Attention, temps troublés et pressions inconsidérées ne facilitent pas les bonnes décisions
L’air du temps n’aide pas à réfléchir posément. Plus les questions sont complexes et moins les raisonnements sont rationnels. Rôle de l’assurance dans l’économie, modalités et contingences de son exercice sont relégués au profit des urgences du moment. Lourde erreur.
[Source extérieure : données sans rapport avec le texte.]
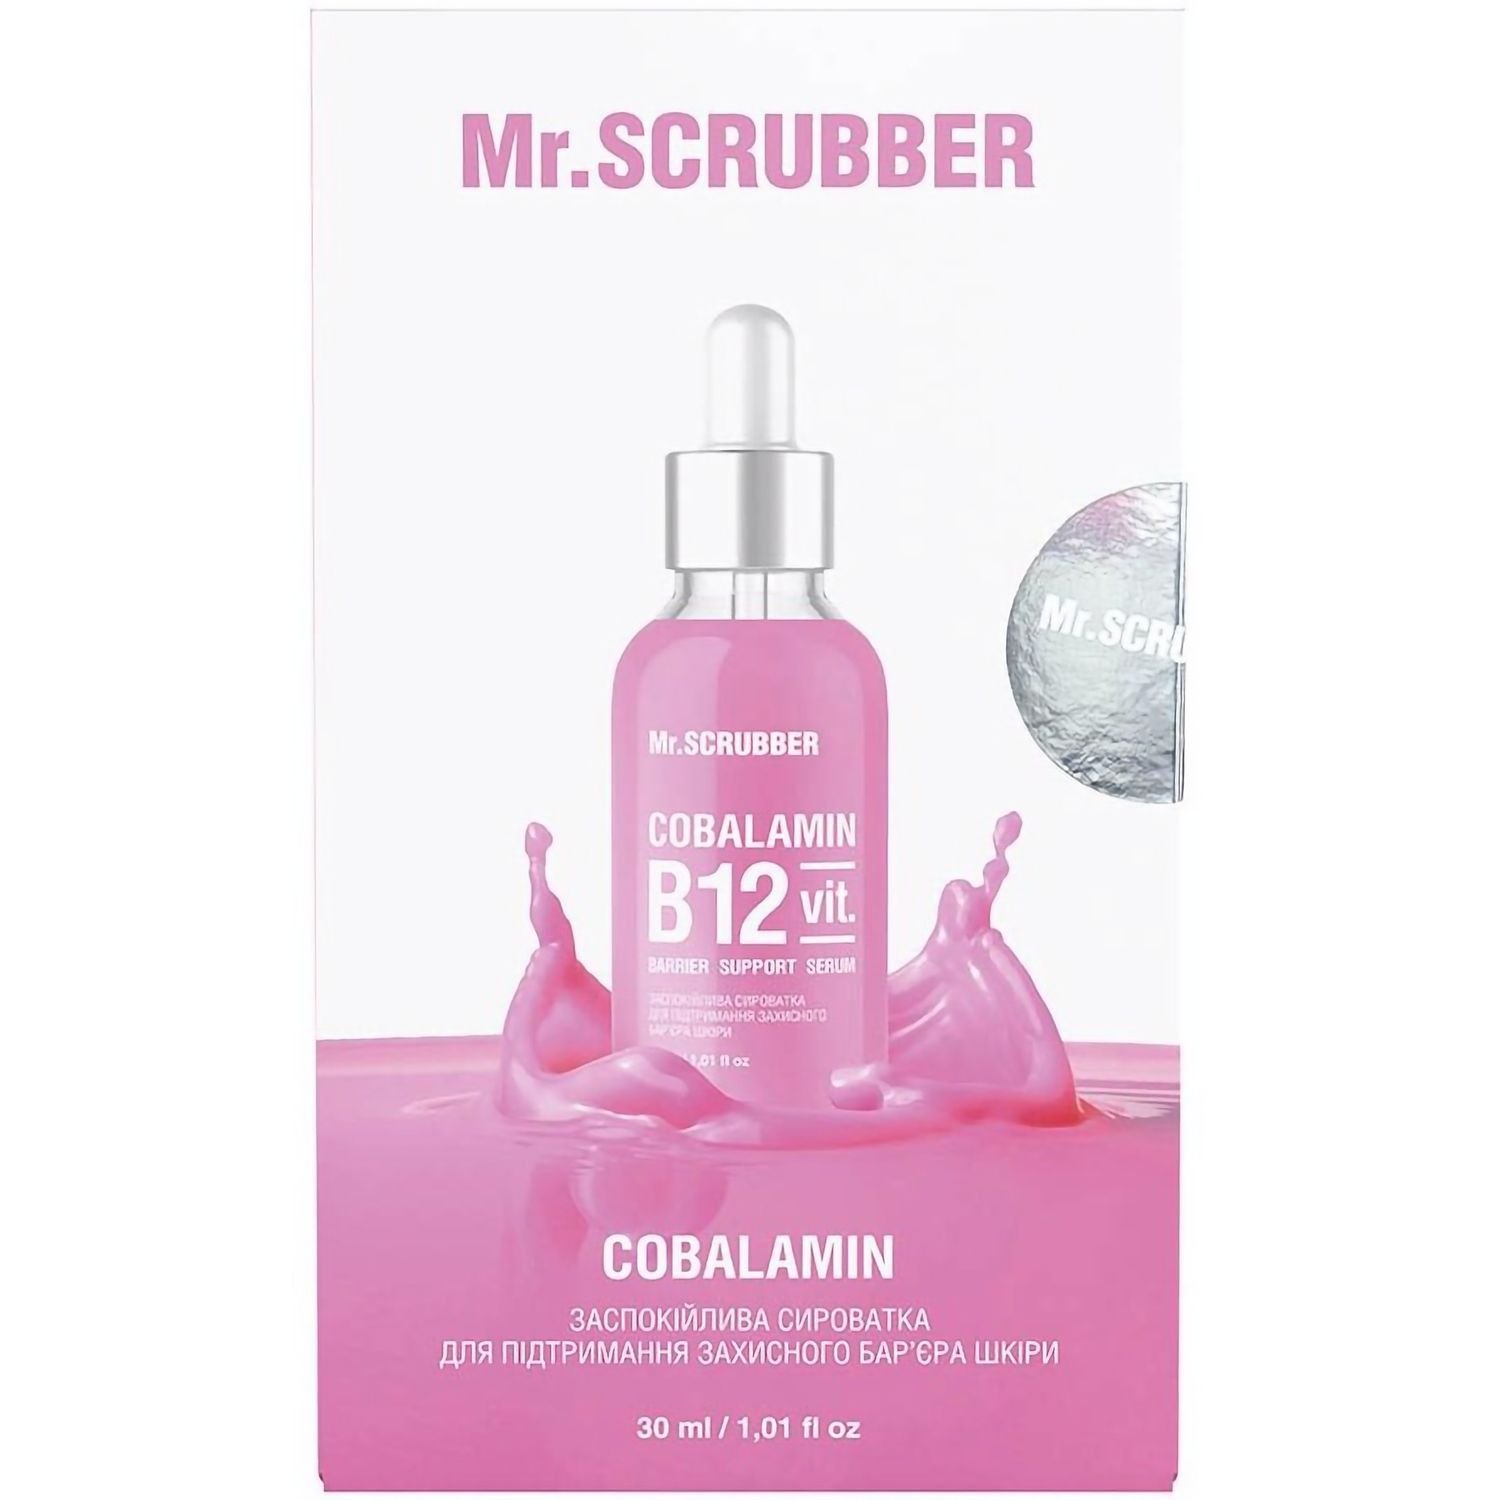 Успокаивающая сыворотка Mr.Scrubber Cobalamin B12 для поддержания защитного барьера кожи лица 30 мл - фото 3
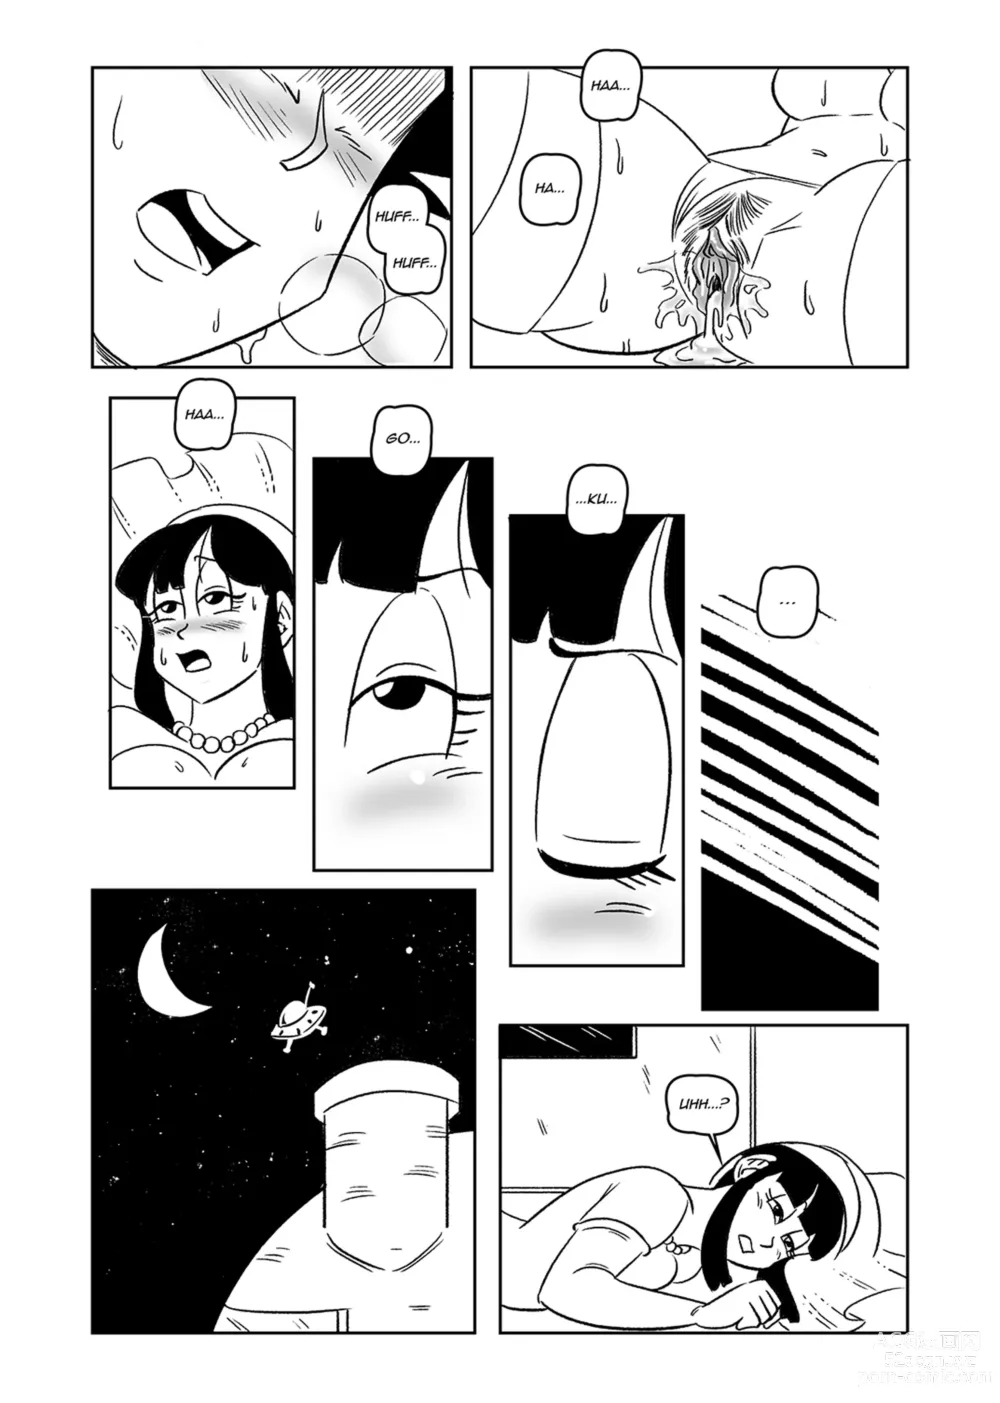 Page 18 of doujinshi weeding night

La situation financière de la France est critique. Nul ne l’ignore, le gouvernement cherche 60 milliards d’urgence et, en écho, tous ceux qui pourraient être concernés poussent des cris d’orfraies, pas moi, pas moi. Le théâtre habituel, qui cache, en réalité, des mouvements plus insidieux, pour ne pas dire moins francs. Dans le paquet de l’urgence, un nouveau transfert de charges de la sécurité sociale vers les complémentaires est annoncé. Alors même que le dispositif devrait être largement refondé l’Etat met des rustines. Dans la même veine, la place de l’assurance-vie dans le financement des retraites à venir, alors même que la démographie est de moins en moins favorable à la répartition, n’est pas plus abordée, or elle est cruciale. Pour ne citer que les plus évidentes.
Tout aussi insidieusement, revient, à bas bruits, la question des frais et chargements des produits d’assurance. Bien sûr trop élevés, affirmation lapidaire qui ne repose que rarement sur des démonstrations objectives. En effet, l’analyse des modèles économiques, la viabilité des situations et le coût réel des prestations de services (conseil, information et accompagnement) sont à peu près systématiquement éludés. Or, la vérité des prix existe dans la gestion et la distribution des produits d’assurance comme ailleurs. Or, ces aspects, au centre de la réglementation qui vient, ne sont pas abordés. Que ce soit la RIS ou la révision de la DDA qui suivra, la question prend de l’acuité. Affirmer, voire renforcer le conseil avec un degré de justification supplémentaire (le bon rapport qualité-prix) est une bonne chose, mais cela a un coût. Que celui-ci soit bridé n’est pas en soi un problème, à condition qu’il le soit par des mécanismes sains. C’est au client d’en décider, donnons-lui le moyen d’arbitrer et pour le reste laissons la concurrence opérer. Evitons toute régulation bureaucratique, productrice de contraintes contre-productives. Pour le client, mais aussi pour les marchés et la collectivité qui doivent pouvoir bénéficier sans filtres inutiles de services innovants.
Mario Draghi l’a dit on ne plus clairement, en appelant à alléger ces contraintes bureaucratiques pour libérer les énergies et favoriser l’innovation. L’Union des marchés de capitaux n’atteindra ses objectifs, cruciaux pour l’Europe, que si la collecte financière gagne en efficacité et qu’elle est mobilisée pour le financement des projets européens. Pour y parvenir, il faut des distributeurs pro-actifs, mobiles et disponibles et dont la compétitivité n’est pas bridée. Or l’arsenal juridique qui se profile peut vite contraindre les temps commerciaux. Si cela est le cas, la sanction se payera cash. Car elle amoindrira la collecte et démotivera les bonnes volontés.
Si la question des rémunérations est aussi lancinante, c’est faute d’être abordée de face. Trop d’arrières pensées, de craintes infondées planent sur un débat qu’il faut pousser au fond et rationnaliser. Les organismes d’assurances ont besoin de distributeurs motivés et sans inquiétudes excessives sur leurs équilibres financiers. Ces derniers, dont la situation est plutôt bonne, doivent une grande part de leur sérénité à la solidité des organismes d’assurances. Malgré ces évidences qui devraient permettre un diagnostic partagé et d’affronter les temps troublés qui viennent, chacun joue sa partition en solo en espérant perdre le moins de plumes. Lourde erreur.